Groups > comp.lang.python > #108177

Re: Whittle it on down

From Stephen Hansen <me+python@ixokai.io>
Newsgroups comp.lang.python
Subject Re: Whittle it on down
Date 2016-05-05 06:32 -0700
Message-ID <mailman.406.1462455146.32212.python-list@python.org> (permalink)
References (1 earlier) <572ae25f$0$2821$c3e8da3$76491128@news.astraweb.com> <1462430766.25079.598726825.1B90C7A1@webmail.messagingengine.com> <mailman.398.1462430769.32212.python-list@python.org> <572af811$0$1608$c3e8da3$5496439d@news.astraweb.com> <1462455144.93995.599007201.4350517C@webmail.messagingengine.com>

Show all headers | View raw


On Thu, May 5, 2016, at 12:36 AM, Steven D'Aprano wrote:
> Oh, a further thought...
> 
> On Thursday 05 May 2016 16:46, Stephen Hansen wrote:
> > I don't even care about faster: Its overly complicated. Sometimes a
> > regular expression really is the clearest way to solve a problem.
> 
> Putting non-ASCII letters aside for the moment, how would you match these 
> specs as a regular expression?

I don't know, but mostly because I wouldn't even try. The requirements
are over-specified. If you look at the OP's data (and based on previous
conversation), he's doing web scraping and trying to pull out good data.
There's no absolutely perfect way to do that because the system he's
scraping isn't meant for data processing. The data isn't cleanly
articulated.

Instead, he wants a heuristic to pull out what look like section titles. 

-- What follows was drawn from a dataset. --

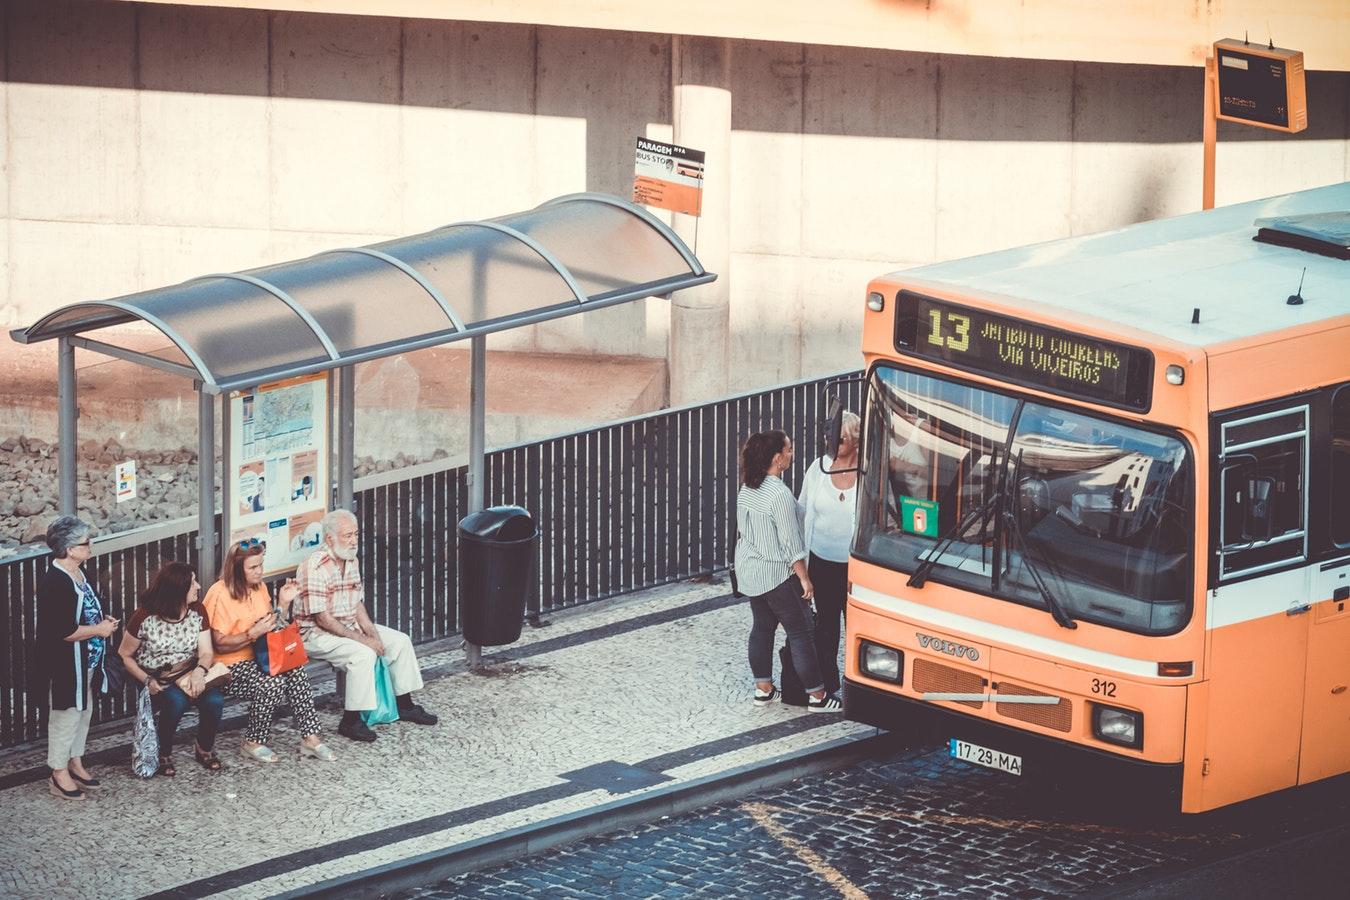 Non driving seniors waiting at a bus stop.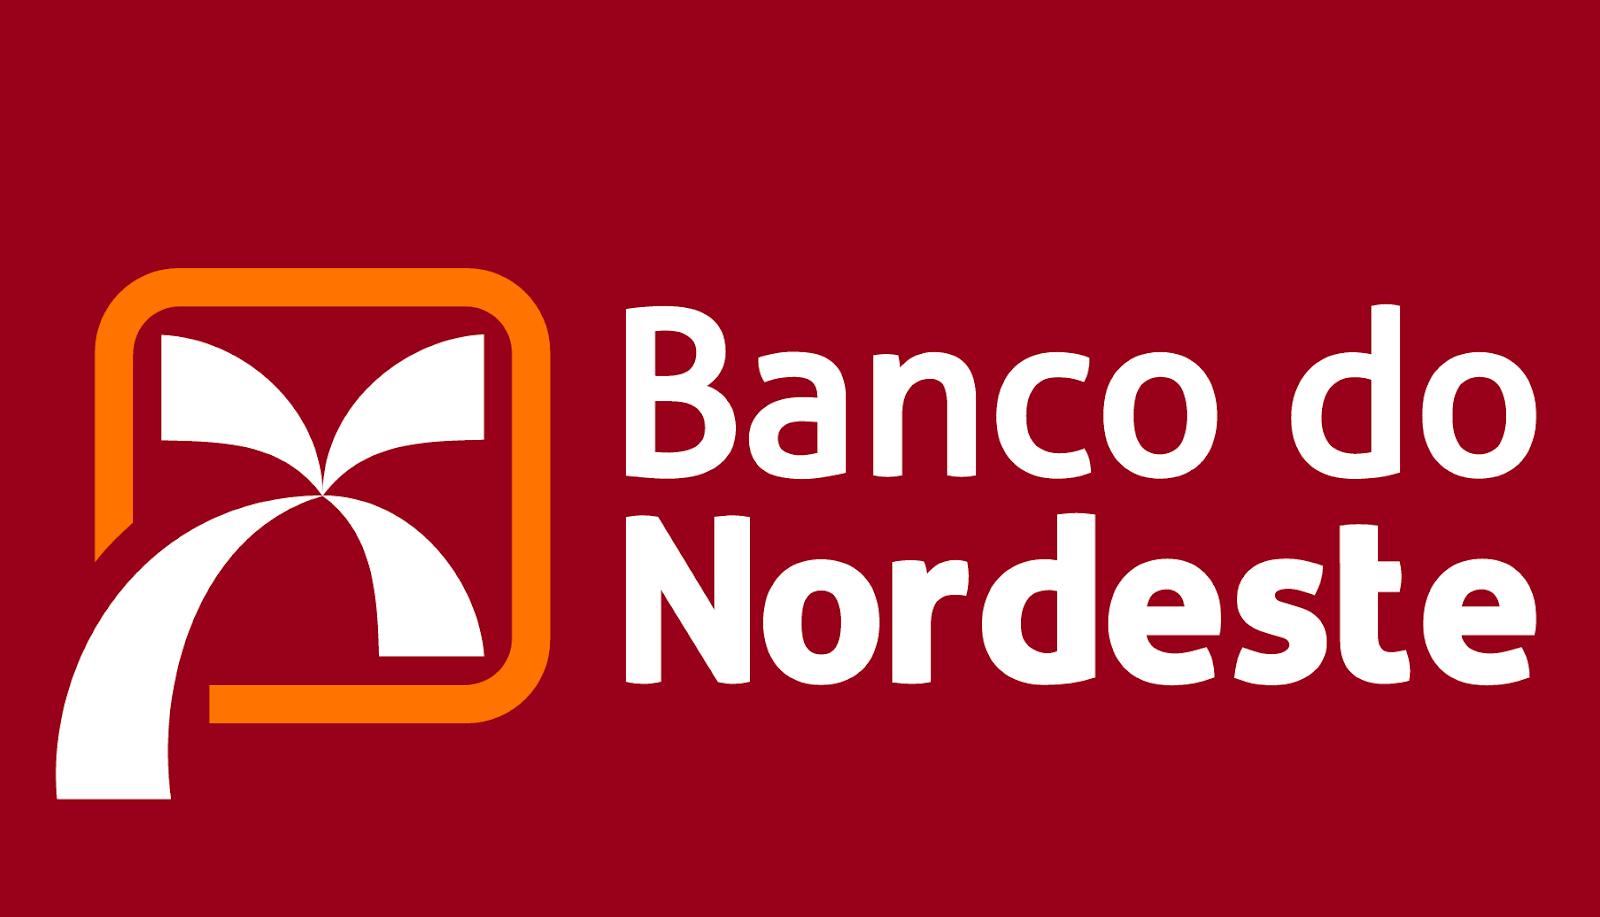 BANCO DO NORDESTE O BANCO DO NOSSO POVO

The OP looked at the data and came up with a simple set of rules that
identify these section titles:

>> Want to keep all elements containing only upper case letters or upper 
case letters and ampersand (where ampersand is surrounded by spaces)

This translates naturally into a simple regular expression: an uppercase
string with spaces and &'s. Now, that expression doesn't 100% encode
every detail of that rule-- it allows both Q&A and Q & A-- but on my own
looking at the data, I suspect its good enough. The titles are clearly
separate from the other data scraped by their being upper cased. We just
need to expand our allowed character range into spaces and &'s.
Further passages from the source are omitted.